Bruce Maag's Publications

  • The National Institute for Alternative Care Professionals (NIFACP), Bruce Maag
    August, 2010
    In early 1987, Mr. Bruce Maag founded The National Institute for Alternative Care Professionals (NIFACP), an organization that works on the local, state, and national levels to provide professional development, education, and training through conferences and seminars. Since its inception, NIFACP has organized a number of national conferences around the United States, often working with notable academic and professional institutions such as NOVA University, the Ohio Coalition of Foster Care Networks, The Foster Family Based Treatment Association, and SAFY of America, one of the top treatment foster care programs in the country.
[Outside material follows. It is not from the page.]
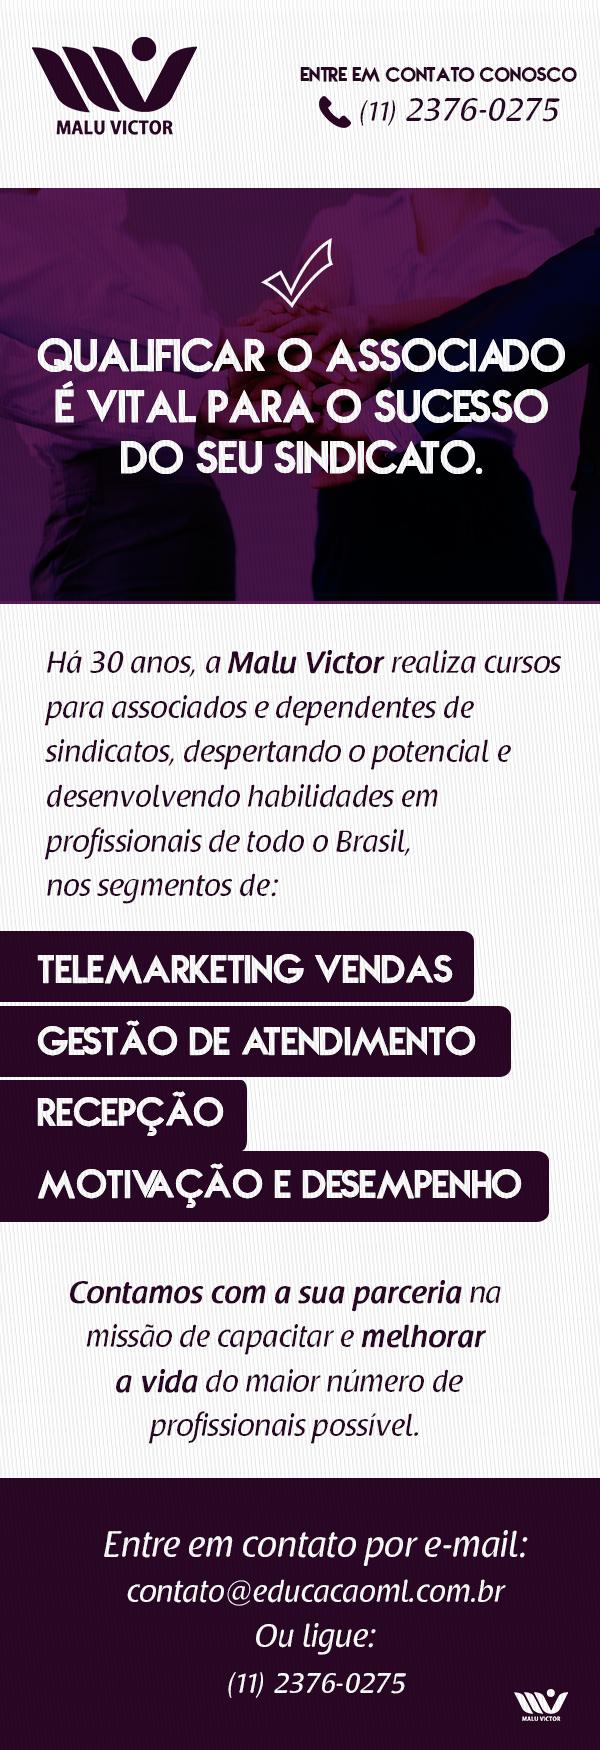 e-mail mkt design gráfico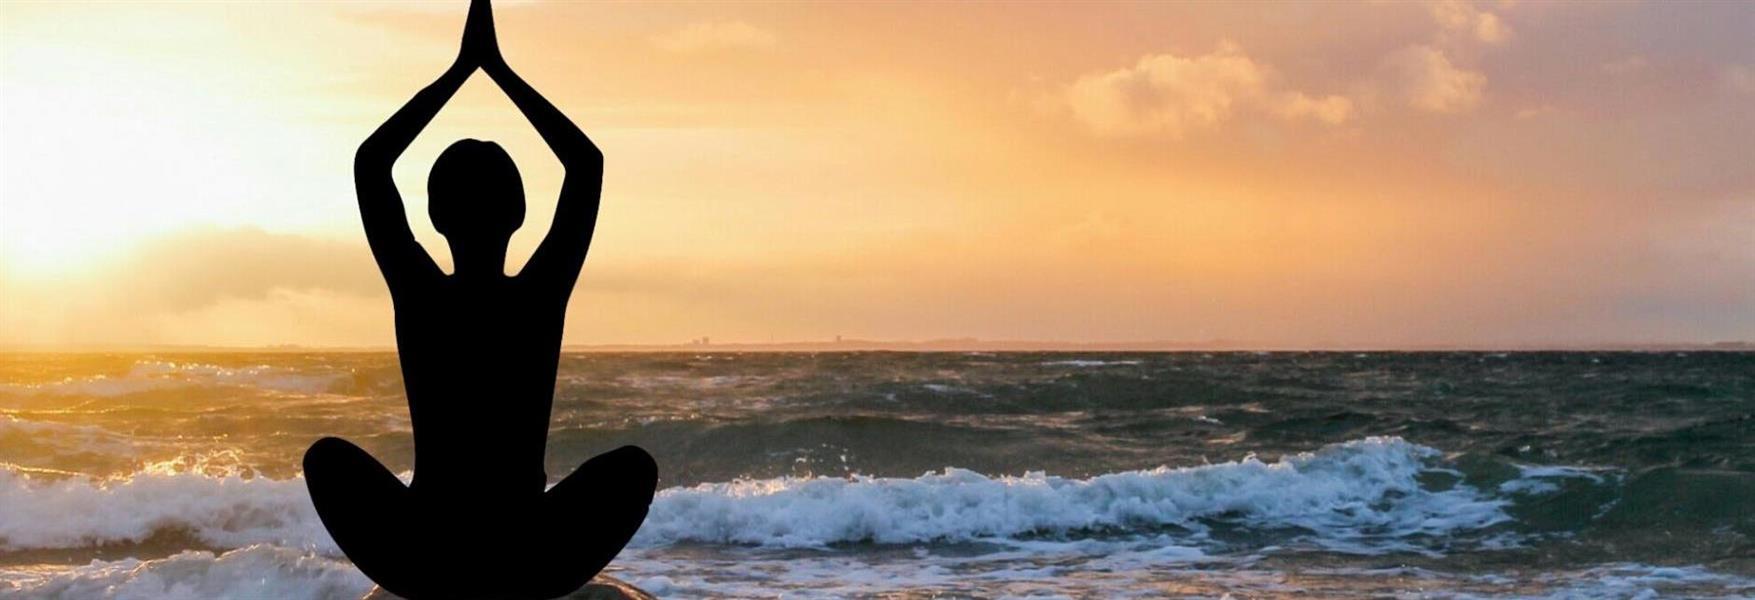 a9f2f10e-ea9e-497c-b10f-684cd32a4453_Kula Heart Sunday Meditations.jpg

Working closely with other industry professionals, NIFACP engineered many seminars designed to educate and enlighten those in a number of alternative care fields. Working specifically with a number of individuals in treatment foster care, NIFACP developed a specialized national certification for the staff members of organizations working in the field. At NIFACP, Bruce Maag served as Executive Director, handling staff development and budget oversight while also playing an instrumental role in the design of various conferences and seminars. Bruce Maag worked with NIFACP concurrently to his position as the Chief Executive Officer of SAFY, an Ohio-based treatment foster care program the he founded in 1984. Leading SAFY and NIFACP until the end of 1999, Bruce Maag developed both into important staples in the treatment foster care field.